Stored dataset items:
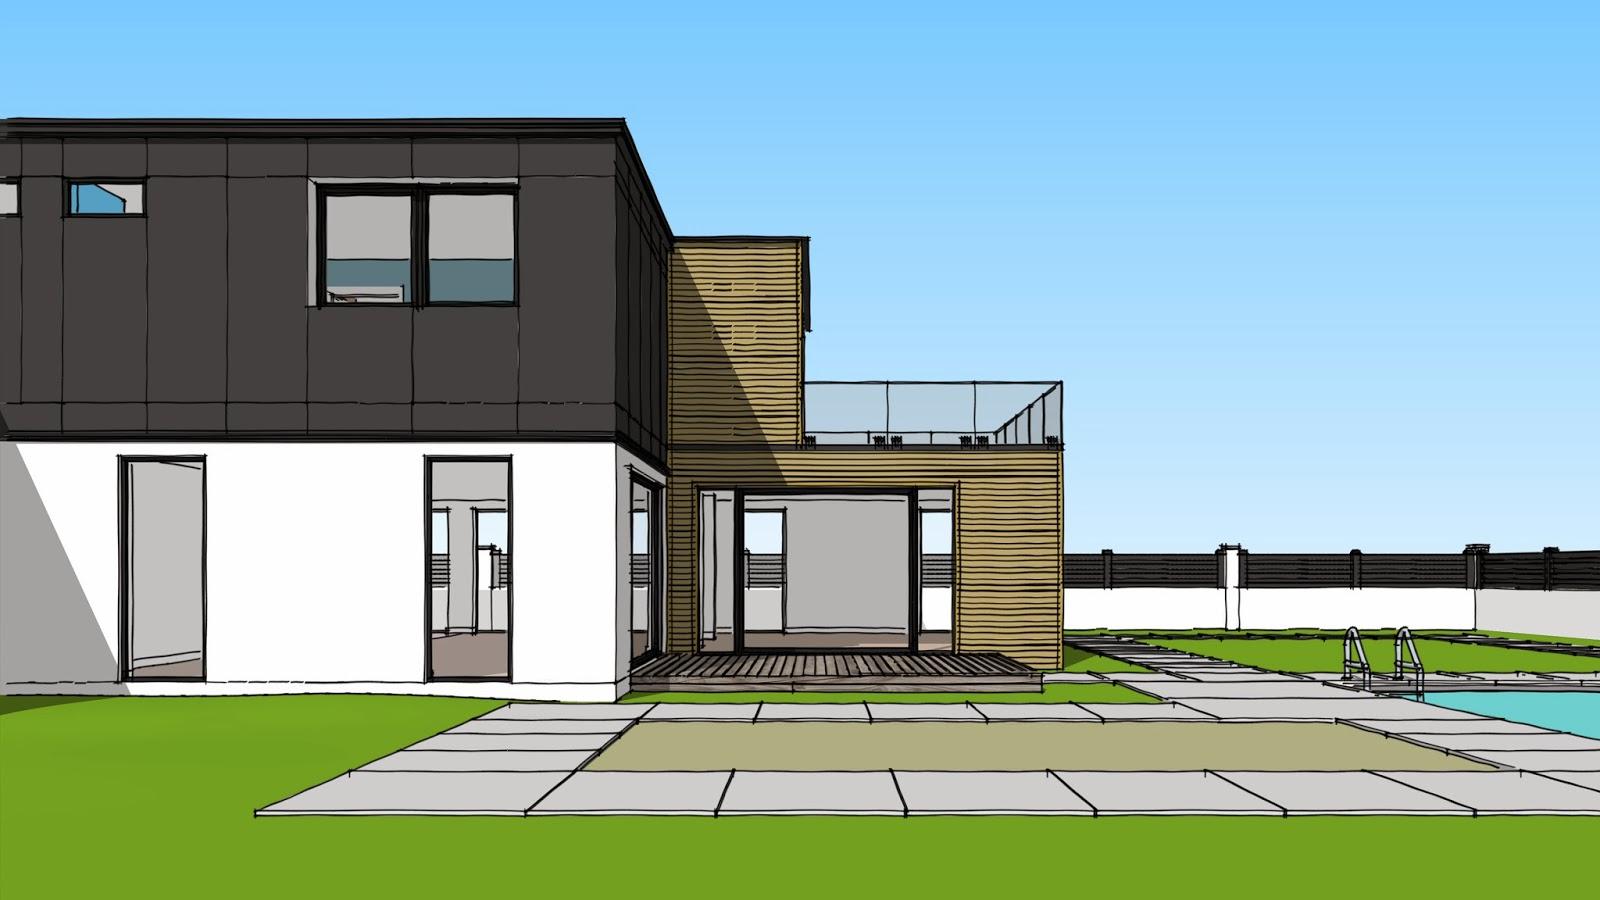 steph artwork. Black Bedroom Furniture Sets. Home Design Ideas
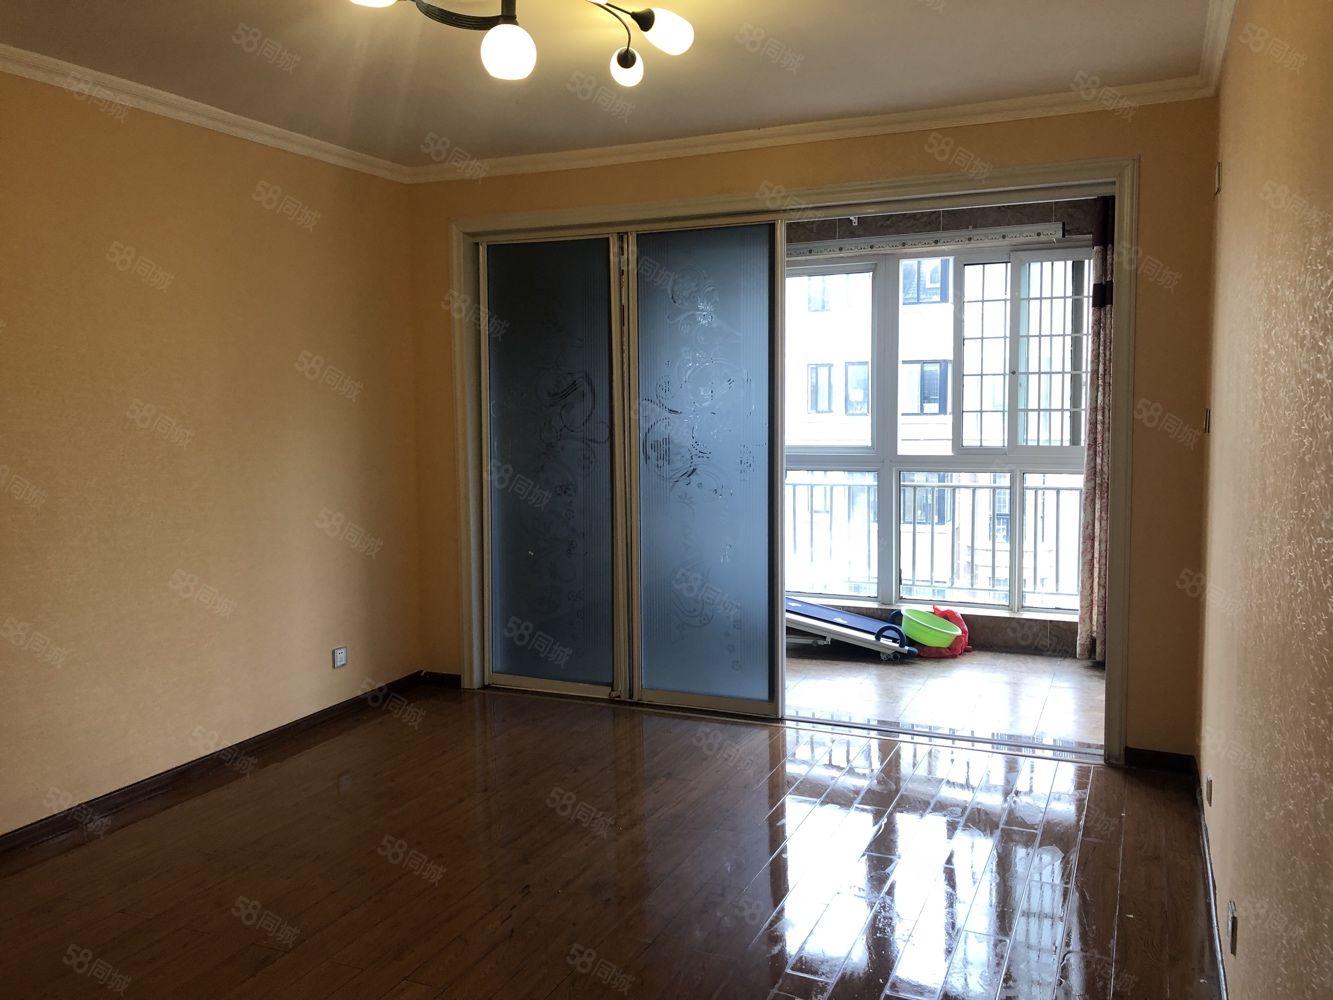 香格里拉多层五楼三室两厅两卫送储藏室79户
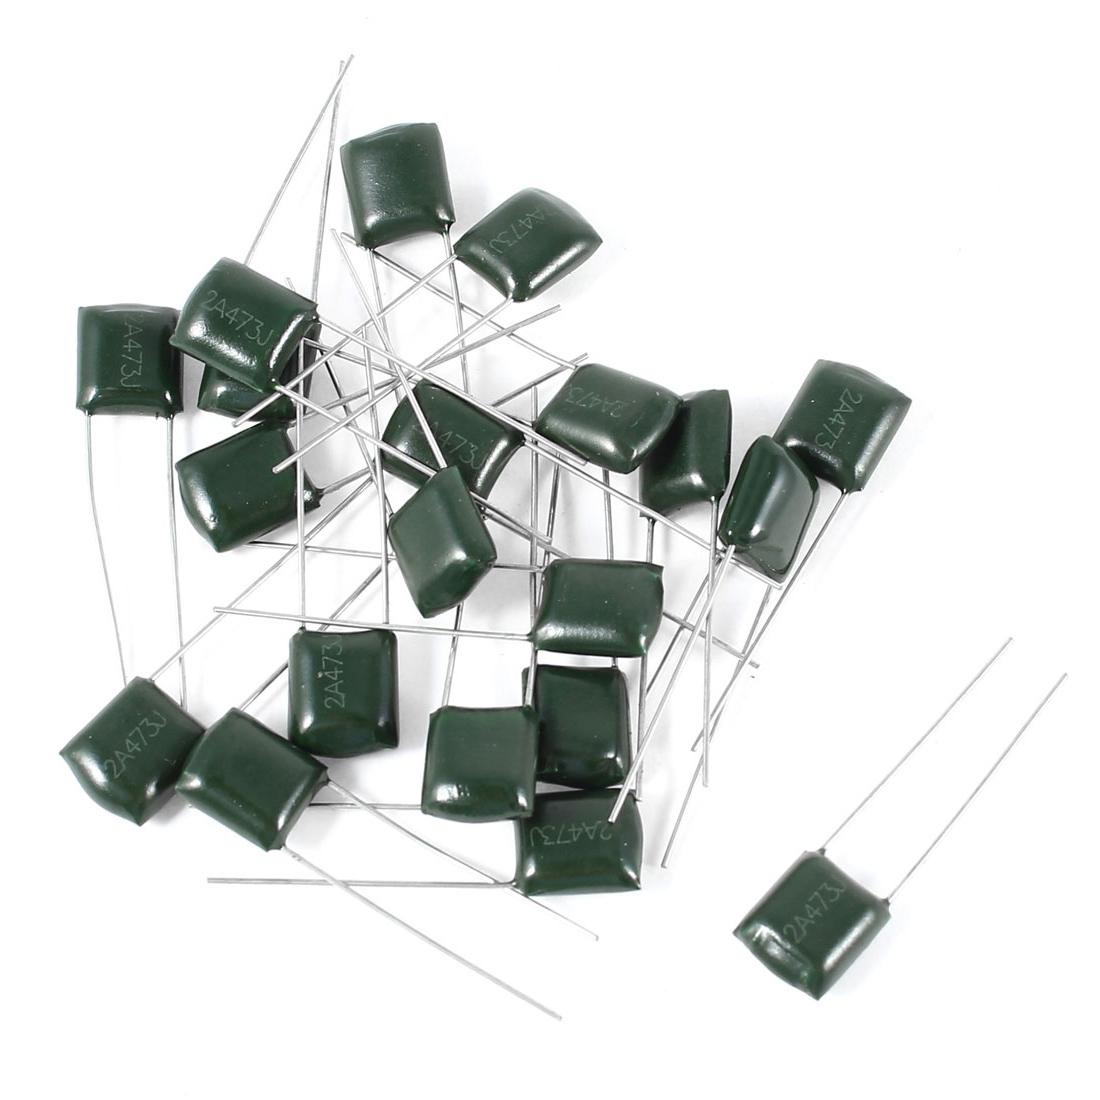 20 Pcs 2A473J 100V 47000pF 5% Mylar Cap Polyester Film Capacitors
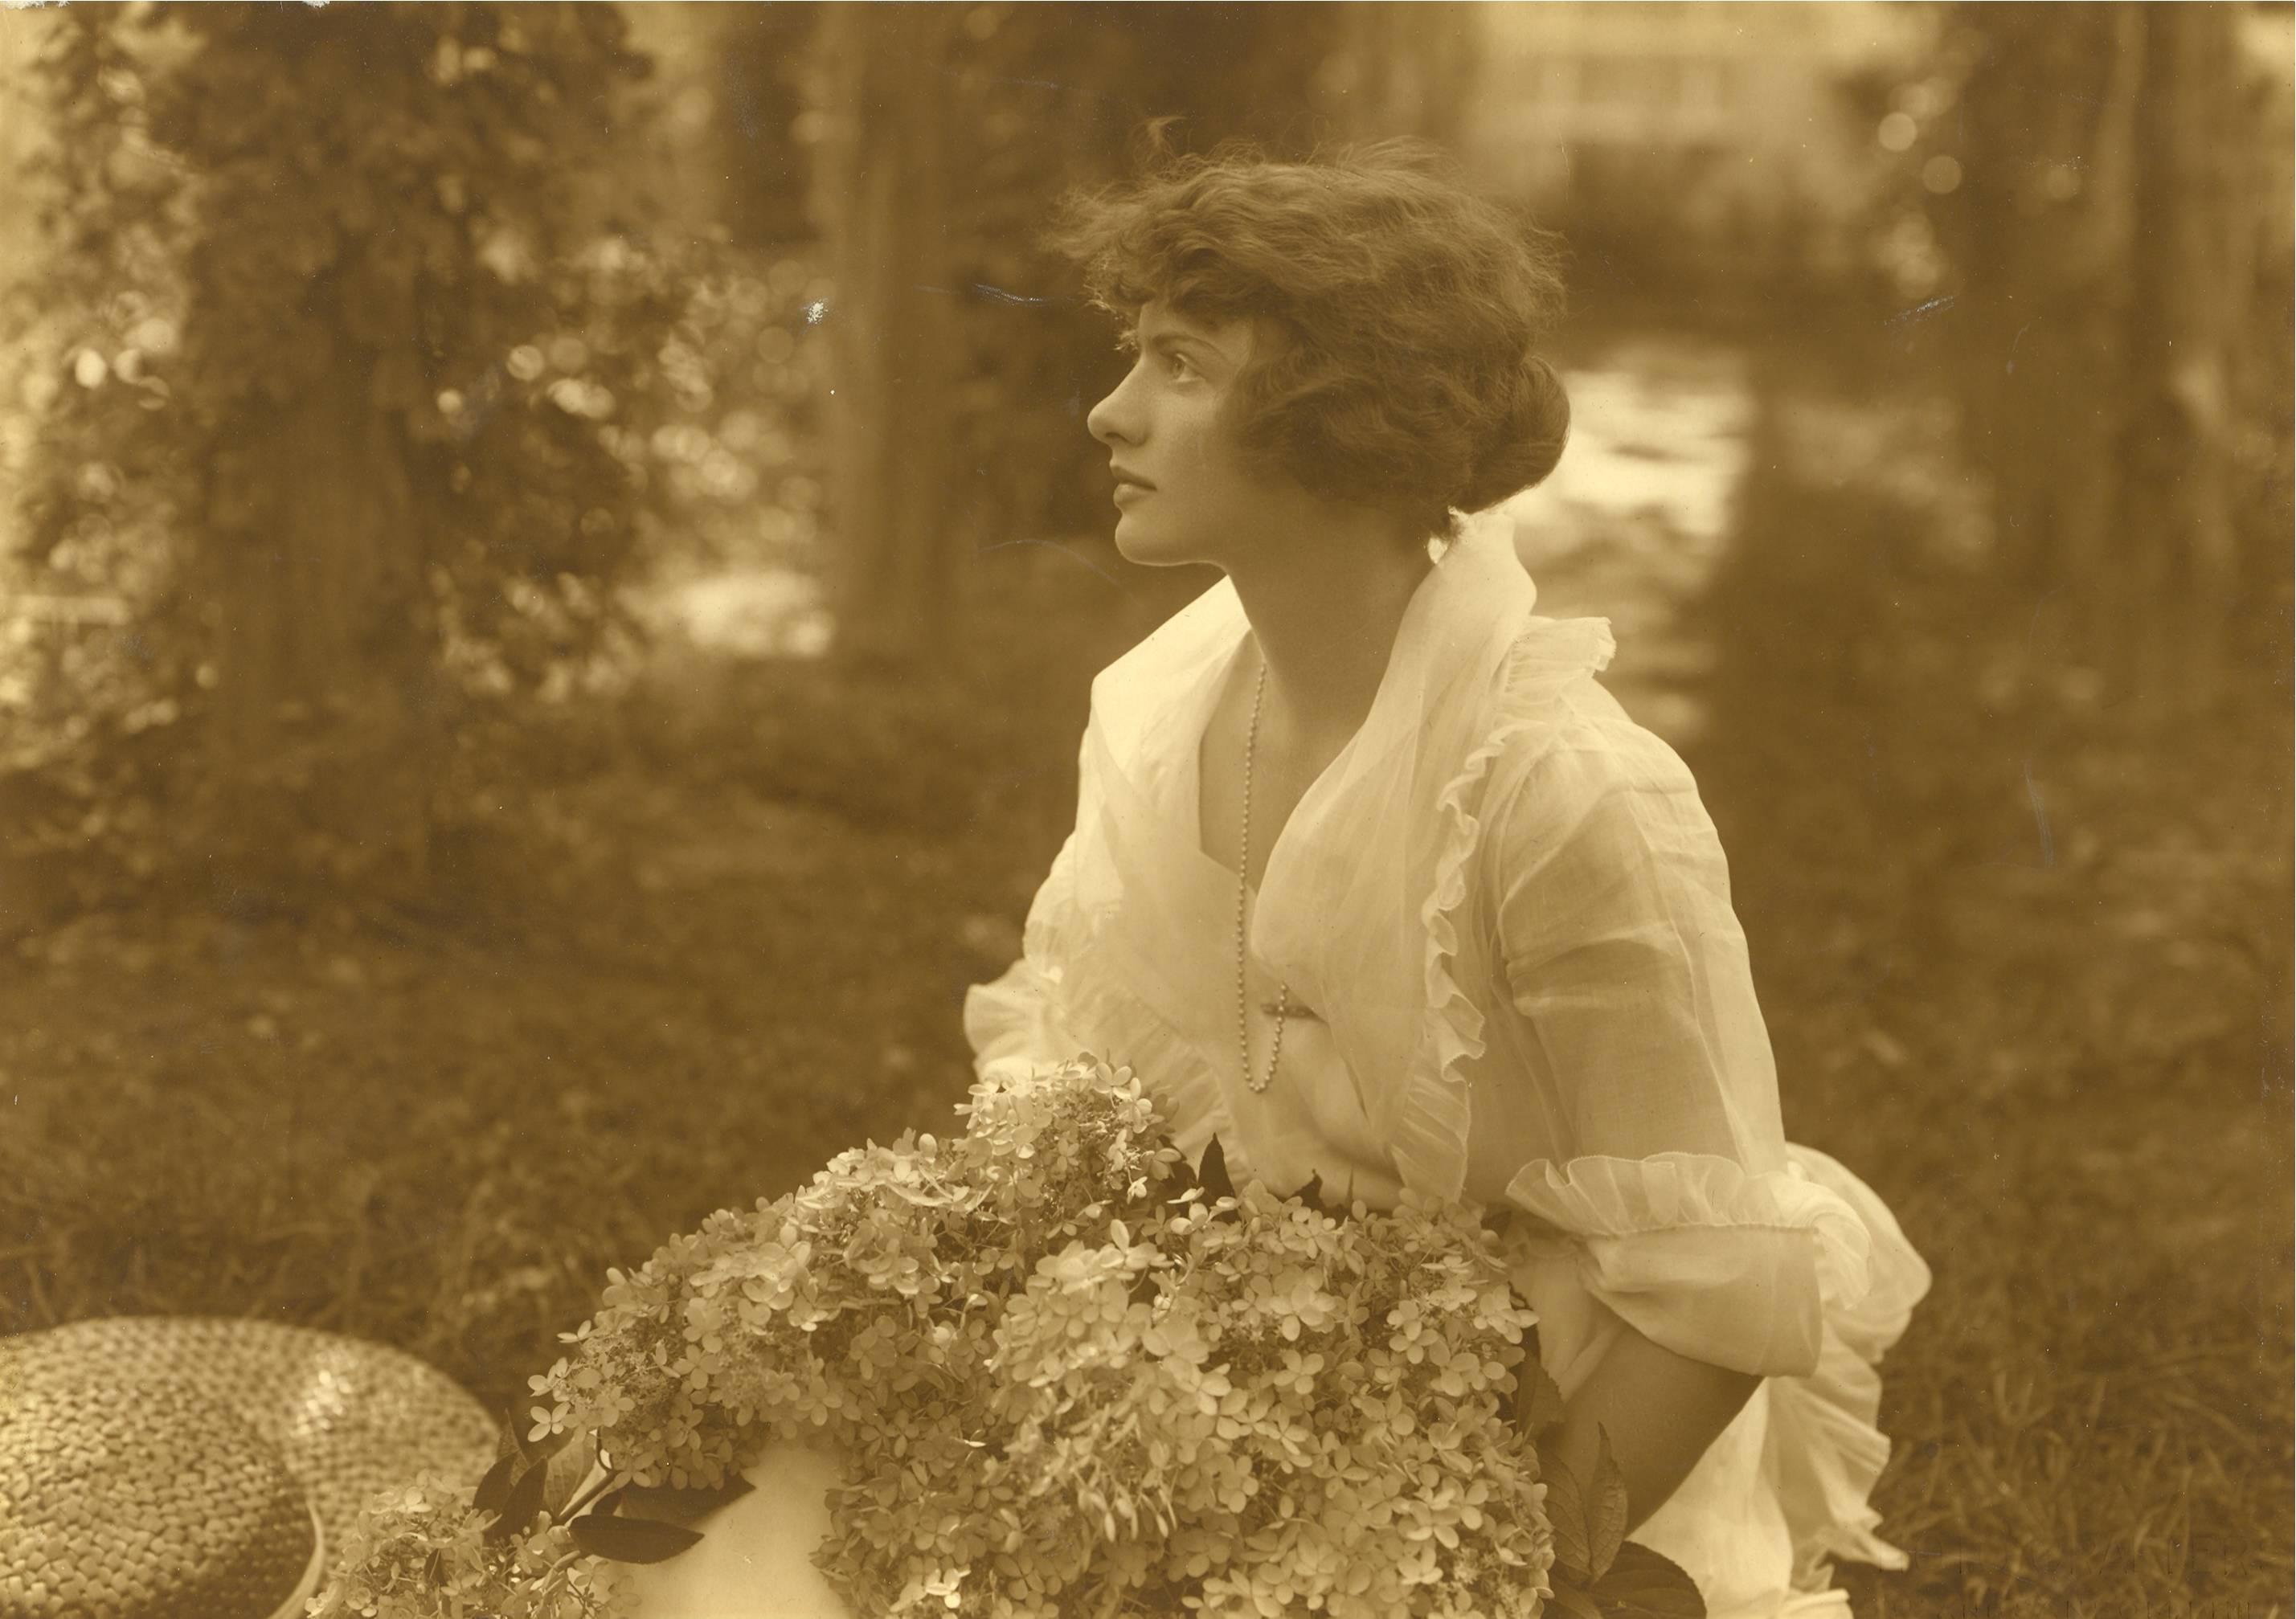 Une jeune femme de profil tient un imposant bouquet de fleurs. Elle porte une blouse blanche légère.
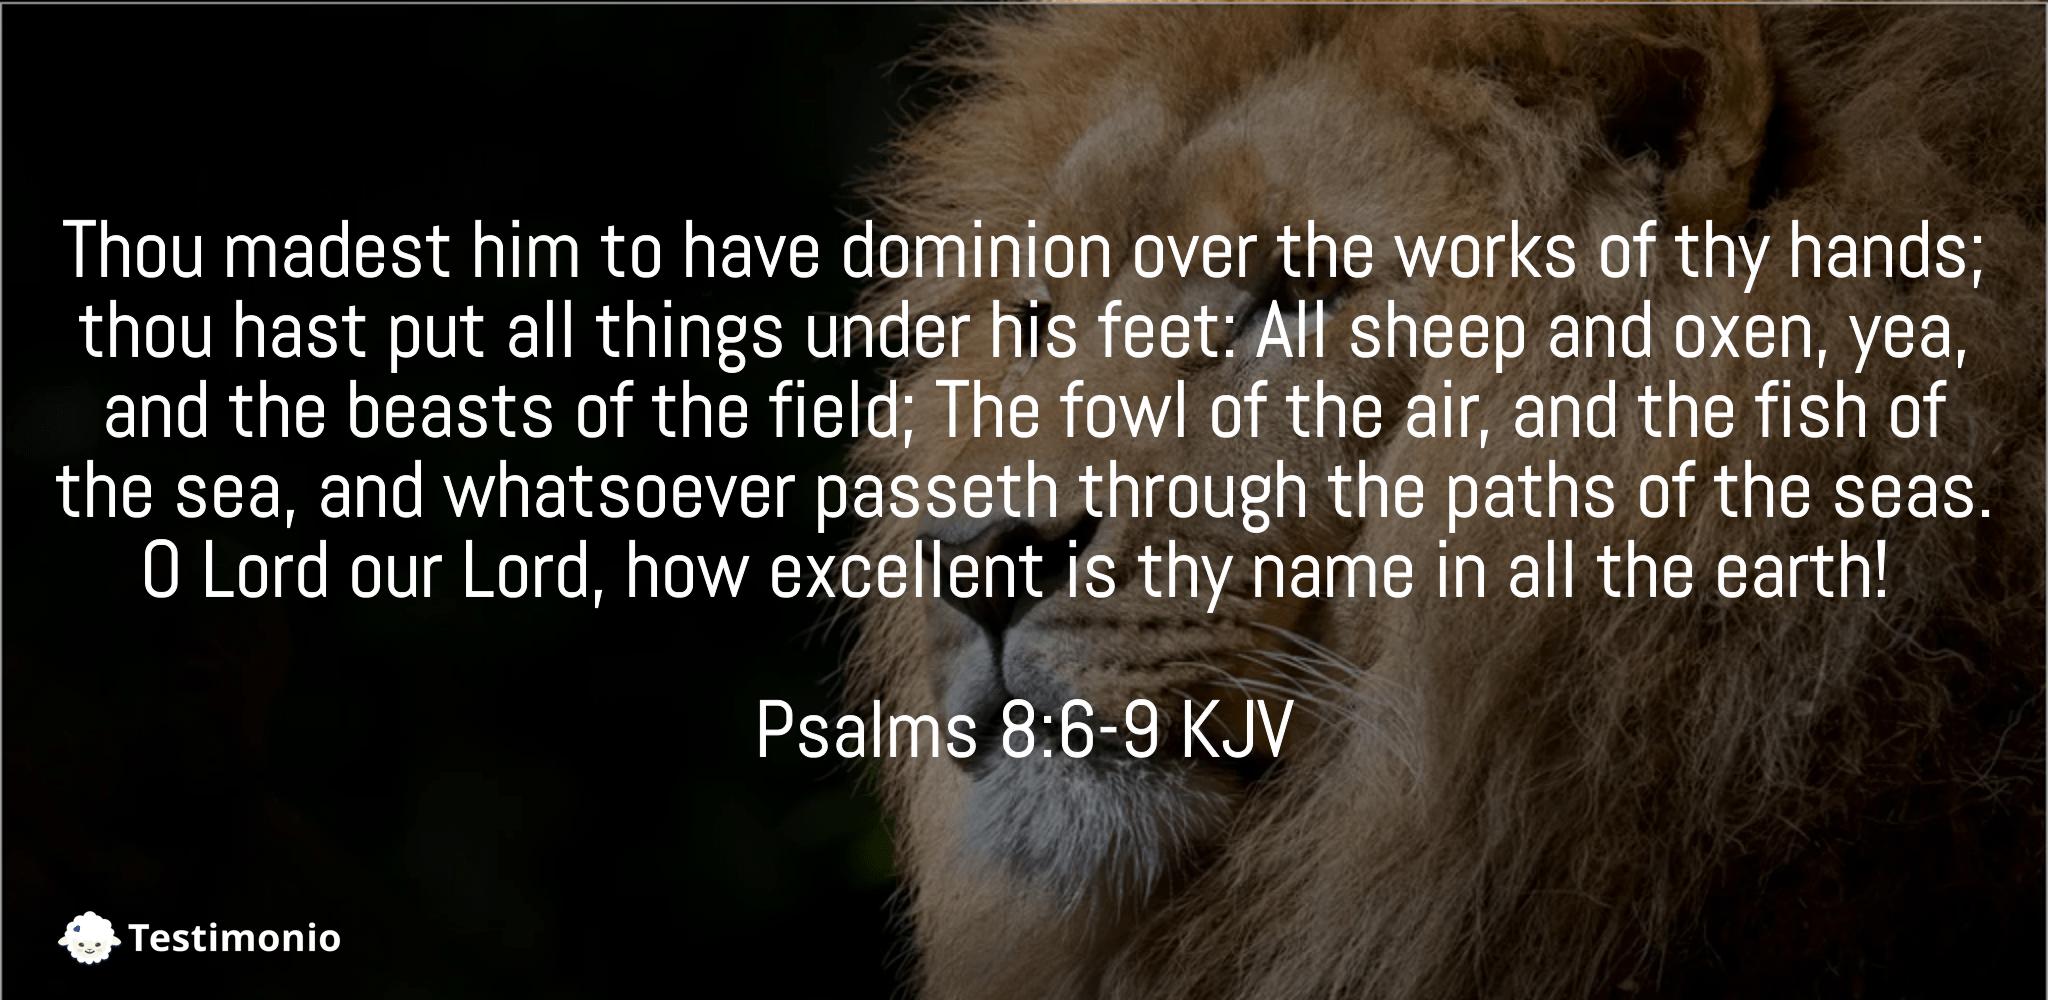 Psalms 8:6-9

• **WORK REQUIRED**
Please retype the data exactly. The pictures do not go in.

• **SOLUTION TO THIS EXERCISE**
 steph artwork. Black Bedroom Furniture Sets. Home Design Ideas
 香格里拉多层五楼三室两厅两卫送储藏室79户
 20 Pcs 2A473J 100V 47000pF 5% Mylar Cap Polyester Film Capacitors
 Une jeune femme de profil tient un imposant bouquet de fleurs. Elle porte une blouse blanche légère.
 Psalms 8:6-9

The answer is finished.